The motor market at Lloyd’s predominantly covers UK private car and fleet business. Gross written premium increased to £1.184bn but the combined ratio worsened from 104% to 108.6%. Motor premium reductions were consistently enjoyed by customers throughout 2013, in response to the implementation of new legislation that was designed to cut claims costs.
Lloyd’s is also an industry leader in the global aviation market. Business is written across all the main business segments such as airline, aerospace, general aviation and space. The combined ratio for this sector worsened from 67.7% in 2012 to 81.4% in 2013. This deterioration of the combined ratio was driven by two high profile large losses. The first was a satellite launch failure and the second was the crash of Asiana Airlines Flight 214 in San Francisco which resulted in three fatalities and many injured passengers.

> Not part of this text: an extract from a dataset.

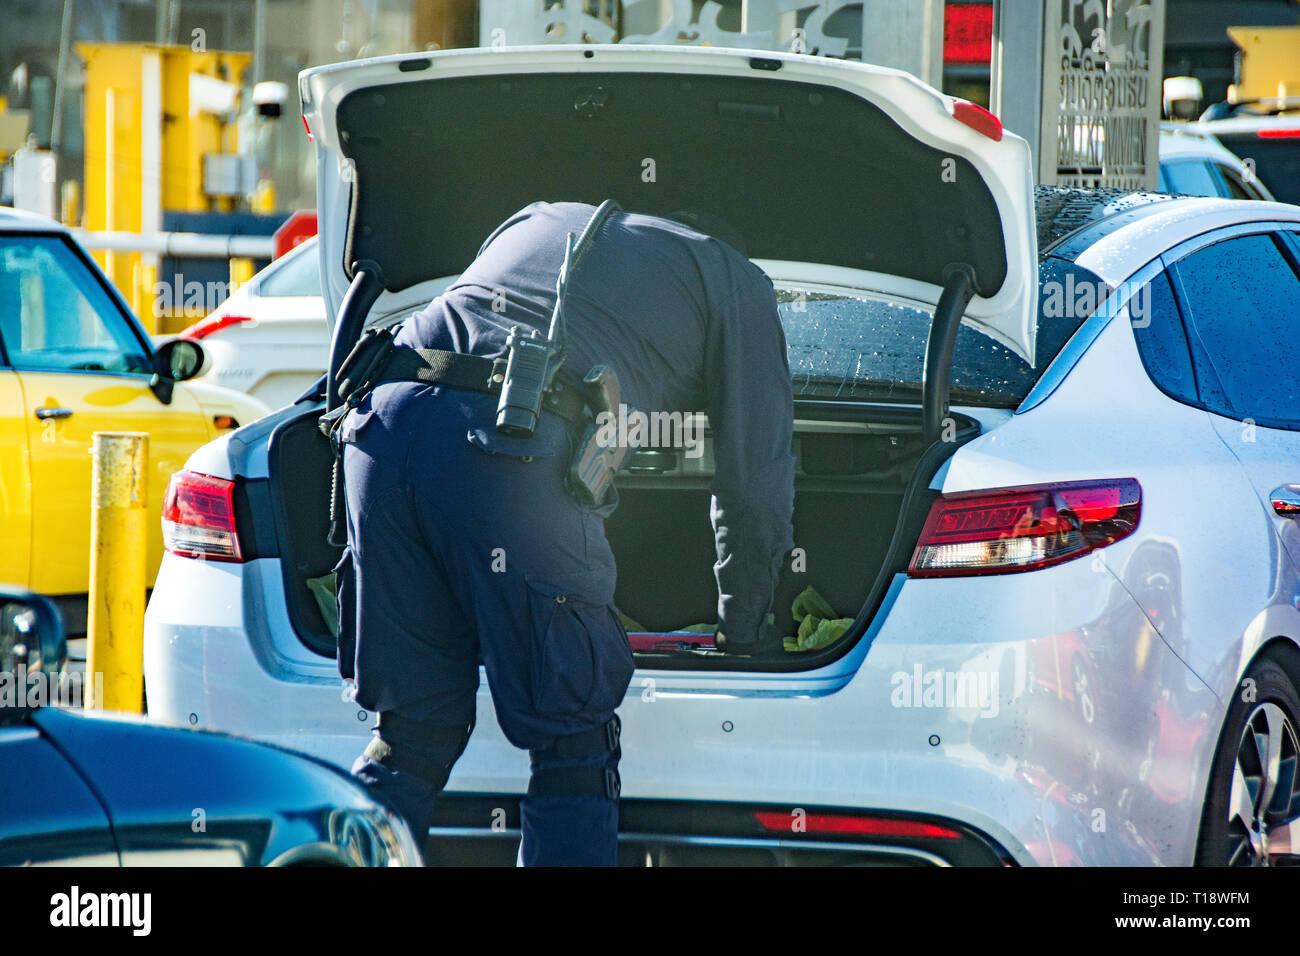 Una pattuglia di confine officer controllando il tronco di un automobile, attraversando il San Ysidro confine dal Messico agli Stati Uniti. Immagini Stock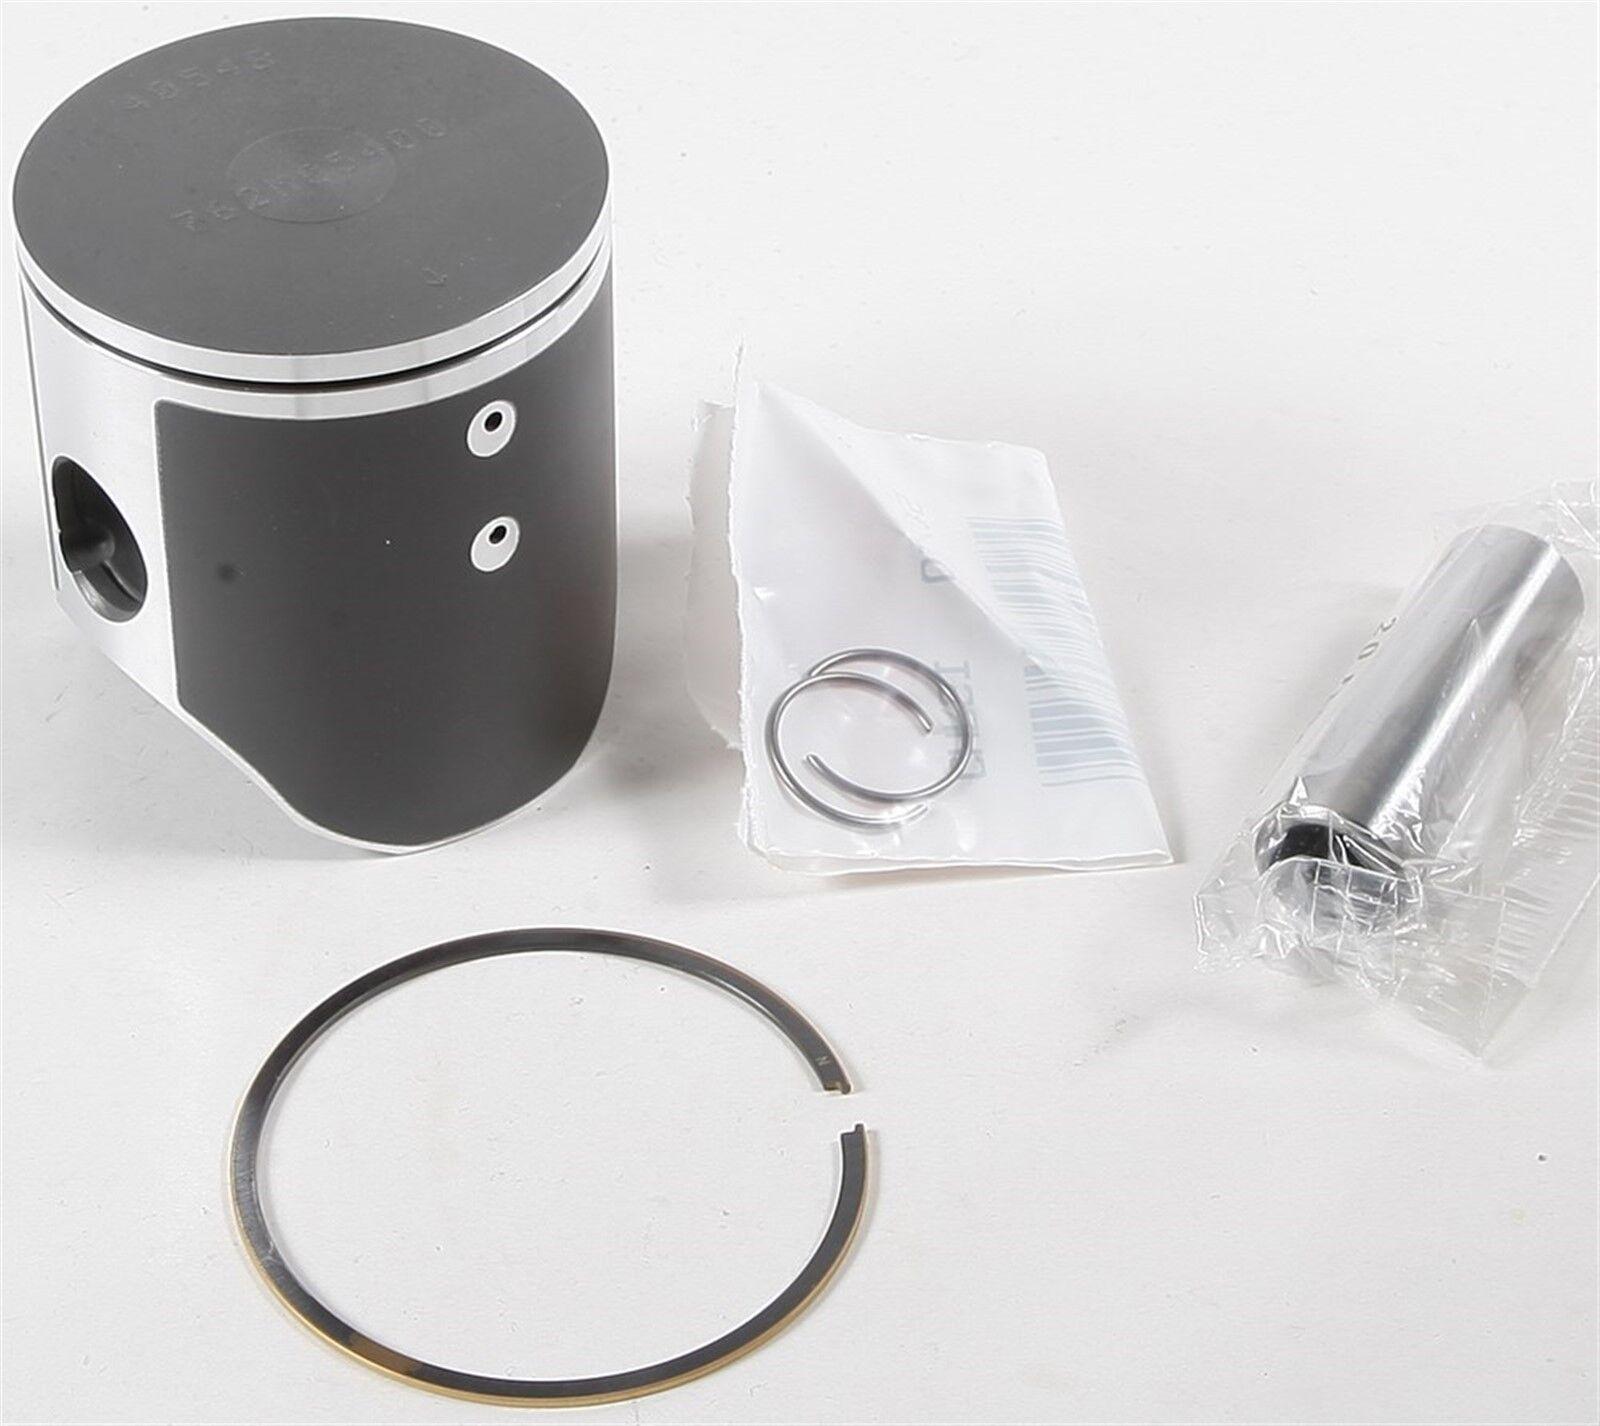 STRANGE 1//2 in ID Steel Single Adjustable Shocks Spherical Bearing P//N S5000K

Overall 2013 was a very success year for Lloyd’s of London. The motor industry for the UK as a whole has seen poor results, so it is not surprising to see an unfavourable combined ratio for Lloyd’s motor sector. Despite the two large losses within the aviation market, the sector as a whole experienced loss activity below normal long-term levels. The other markets benefited from a relatively benign year in terms of catastrophe events, with the cost of major claims at more than half of the cost of 2012 major claims. As mentioned in the previous blog, ignoring the large release of prior year reserves, the results were still impressive despite investment returns being historically low due to the continued low interest rates. The encouraging signs of the UK and US economies picking up could be the impetus behind further commendable performances by Lloyd’s of London in the future.